Keywords: medullary neuron, gustatory neuron, reward, modulation, in vivo electrophysiology

gustatory neurons in the nucleus of the solitary tract (NST) in the medulla receive taste information from peripheral taste cells and transfer it to the parabrachial nuclei (PbN) in the pons of rodents (Cho et al. 2002a; Norgren and Leonard 1971, 1973; Travers 1988; Whitehead 1990). In turn, pontine taste-responsive cells transmit taste information to the gustatory thalamus and several nuclei in the ventral forebrain (Halsell 1992; Kosar et al. 1986; Norgren 1974, 1976). The nuclei in the ventral forebrain, which receive monosynaptic projections from the gustatory PbN, such as the lateral hypothalamus (LH), the central nucleus of the amygdala (CeA), and the bed nucleus of the stria terminalis (BNST), send efferent fibers back to the PbN and NST (Moga et al. 1989; van der Kooy et al. 1984; Whitehead et al. 2000). A large number of studies have reported the importance of LH, CeA, and BNST in ingestive behavior, reward, and motivation (Reilly et al. 1994; Rolls 1999; Stellar and Stellar 1985; Zardetto-Smith et al. 1994). Although <10%, sapid taste stimulation evoked firings of neurons in these nuclei (Azuma et al. 1984; Nishijo et al. 1998, 2000; Yamamoto et al. 1989). A series of electrophysiological investigations demonstrated that electrical stimulation of these nuclei in the ventral forebrain modulates spontaneous and taste-evoked activities in a substantial number of gustatory NST neurons (Cho et al. 2002b; Cho and Li 2008; Li et al. 2002; Smith et al. 2005a).

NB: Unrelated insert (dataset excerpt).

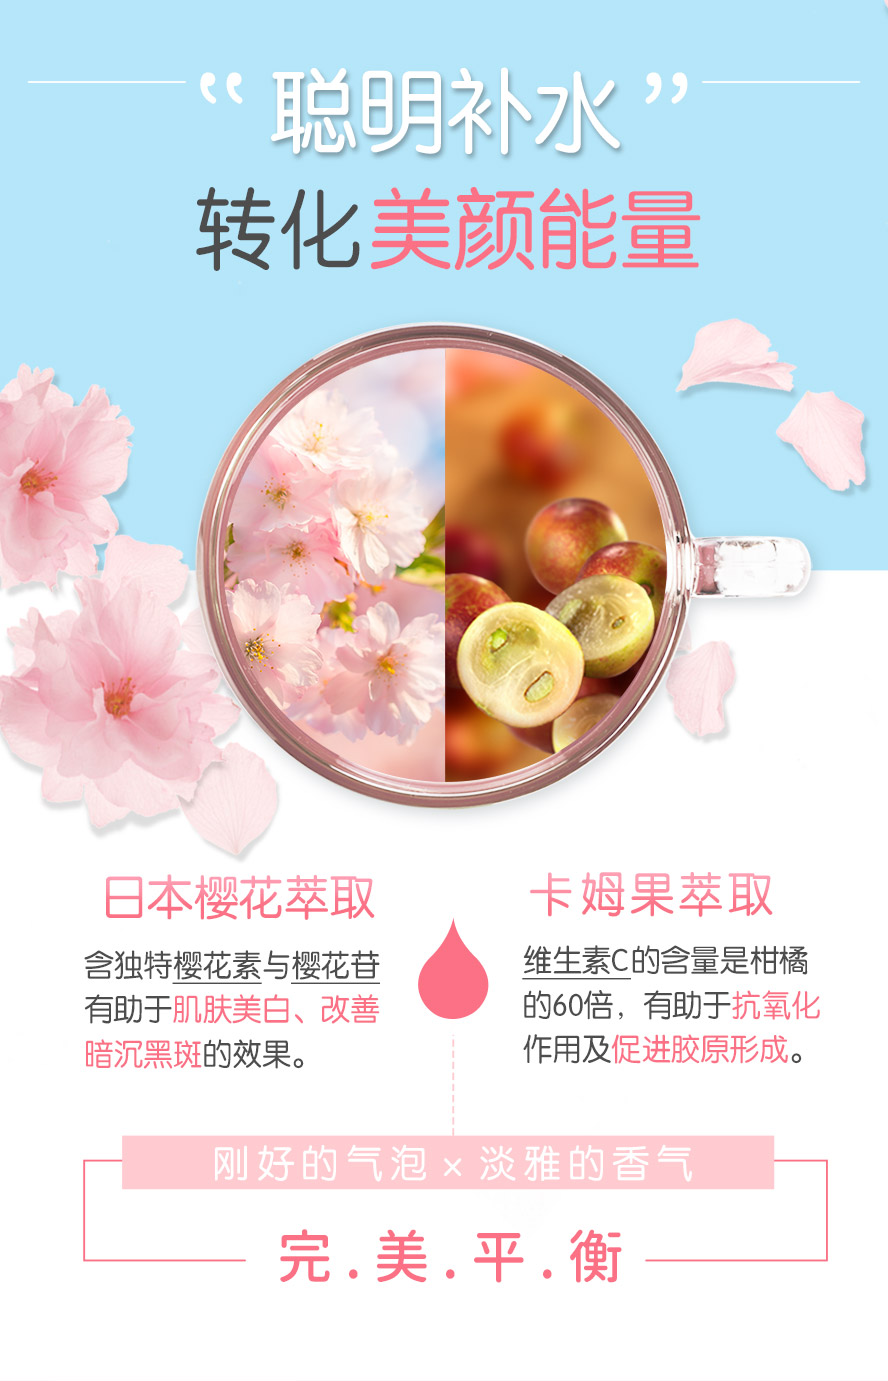 日本樱花萃取物,具抗糖化作用,维持胶原蛋白组织的机能性;卡姆果的维生素C含量为柑橘的60倍,超强抗氧化.

The nucleus accumbens (NAcc) in the ventral forebrain, which consists of core (NAcCo) and shell (NAcSh) regions, is a component of the reward system (Berridge 2003; Norgren et al. 2006). Although the NAcc is not positioned in the central taste pathway, it communicates extensively with various ventral forebrain nuclei, including LH, CeA, and BNST (Brog et al. 1993; Hasue and Shammah-Lagnado 2002; Wood and Swann 2005). A considerable volume of evidence suggests that the NAcSh plays a significant role in mediating the hedonic value of orosensory stimuli and motivated behavior (Di Chiara 2002; Loriaux et al. 2011; Norgren et al. 2006). Recently, we reported that electrical stimulation of the NAcSh inhibits the spontaneous and taste-evoked neuronal activities of hamster pontine cells (Li et al. 2012). In addition to inhibitory modulation of pontine gustatory cells following NAcSh activation, one-fifth of all gustatory neurons recorded in the PbN projected to the NAcSh (Li et al. 2012).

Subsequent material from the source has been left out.